Dell's Venue Pro: Distinctive? Yes. But Will it Sell.

Dell's Venue Pro wins the prize for the most unusual smartphone in the new Windows Phone 7 (WP7) line-up from four manufacturers.

It comes with a durable Gorilla Glass 4.1 AMOLED touchscreen display, and offers a vertical slider form factor that reveals a physical QWERTY keyboard.

Microsoft CEO Steve Ballmer distinguished the Venue Pro by singling it out as the lone "ruggedized" smartphone at the Monday launch event for the company's new mobile OS.

But the question remains whether such hardware distinctions can help Dell, a smartphone newcomer, gain standing in a very crowded market.

After Ballmer's comments on Monday, a Dell marketing representative demonstrated just how resilient the Gorilla Glass is. She took a ballpoint pen in one hand and repeatedly bashed the sharp end into the display of the Venue Pro.

"Wow!" was the reaction from a small throng of journalists nearby. The screen didn't appear to be blemished from the "attack," which was not caught on video because cameras were not allowed inside the venue.

Aside from that feat of display strength, however, some analysts and reviewers were confused about how popular the Dell Venue Pro might prove to be with customers.

Part of their concern is that Dell seems to be selling hardware durability, almost as if Venue Pro device were going to be used as a semi-ruggedized device by delivery personnel and service workers, as well as the rest of the work force.

Yet, they said, if the device is intended to be semi-rugged -- and possibly used by customers with large hands and fingers -- then why are the keys on the slide-out keyboard relatively small? (They're actually bigger than keys used on many smartphones, especially most BlackBerry devices -- square in shape and raised in the center so a quick texter can find them more easily.)

Ken Dulaney, an analyst at Gartner, called the new class of WP7 devices generally "pretty good," but added that the Venue Pro will likely be challenged because vertical sliders generally haven't sold well.

Dulaney noted that using the Venue Pro with one hand means with the keyboard open a user can't touch the top left and top right of the large touchscreen with a thumb.
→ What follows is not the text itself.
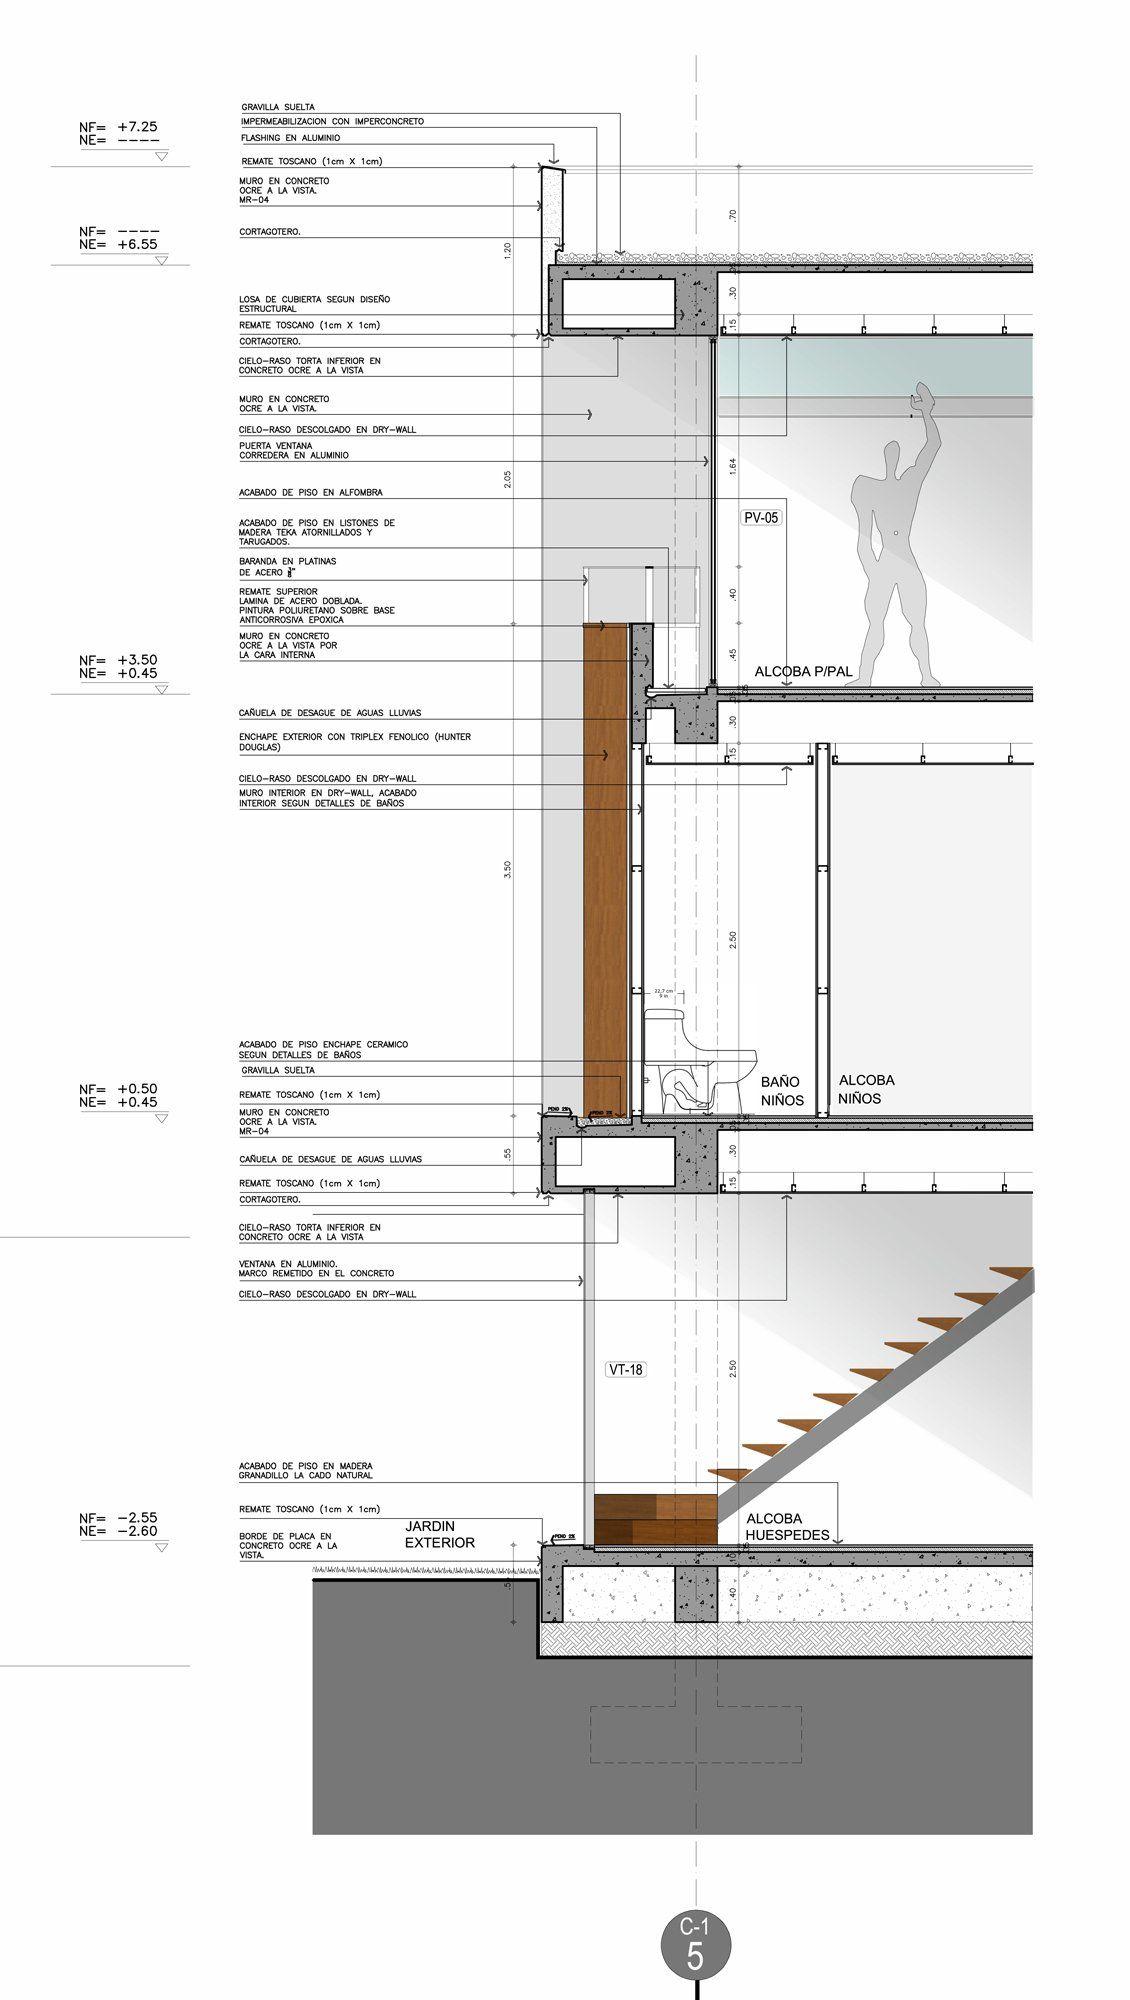 Detalle corte piso techo modulor detalles constructivos for Piso tecnico detalle

Obviously, that means some users will resort to two-handed operation.

He also said that having Gorilla Glass may make the display durable, but doesn't qualify the entire device as "rugged" by Gartner's definition.

It's too early to judge how customers might react to the Venue Pro, which will be sold in November through T-Mobile.

Dell has posted a blog from Bill Gorden , Dell's smartphone general manager, that notes the Gorilla Glass ruggedness but then describes the device as for "everyday people with a diverse range of full and busy lives... Dell designed the Venue Pro to be a multi-purpose always-connected device to help people be more efficient, always connected and entertained."

Dell seems to have opted to customize its WP7 device because Microsoft has limited how it or any other vendor can add enhancements or overlays to the WP7 user interface, analysts noted. In that sense, hardware distinctions could be used to give one WP7 device an edge over another.

"Dell is still trying to get into the smartphone market, so they are experimenting with form factors and such things as Gorilla Glass," noted Ramon Llamas, an analyst at IDC.

Gorilla Glass , an ultra-hard glass substance, was invented by Corning Glass about 40 years ago and should eventually find its way into numerous smartphones because it is scratch resistant, durable and sensitive to touch for touchscreens, Llamas noted.

Corning has already supplied Gorilla Glass for other computing devices, including the Galaxy S series of smartphones from Samsung, according to the Corning Web site.

Dell currently has less than 1% of the share of the U.S. smartphone market, and is using the new WP7 operating system and unusual hardware to gain attention, Llamas added.

Dell also recently began selling the 3.5-in. touchscreen Aero smartphone, based on Android , which runs on AT&T for $99.99 with a two-year contract. "Dell doesn't want to be an also-ran in the smartphone space, so the way to make a strike is to lead with something really compelling."

It helps Dell, as a smartphone newcomer, that it has landed AT&T as a wireless carrier with the Aero and, soon, T-Mobile with the Venue Pro. But how Dell and the carriers market those devices will make the difference in sales, Llamas said.

"It's a crowded smartphone market out there," Llamas noted.

Matt Hamblen covers mobile and wireless, smartphones and other handhelds, and wireless networking for Computerworld. Follow Matt on Twitter at @matthamblen or subscribe to Matt's RSS feed . His e-mail address is mhamblen@computerworld.com .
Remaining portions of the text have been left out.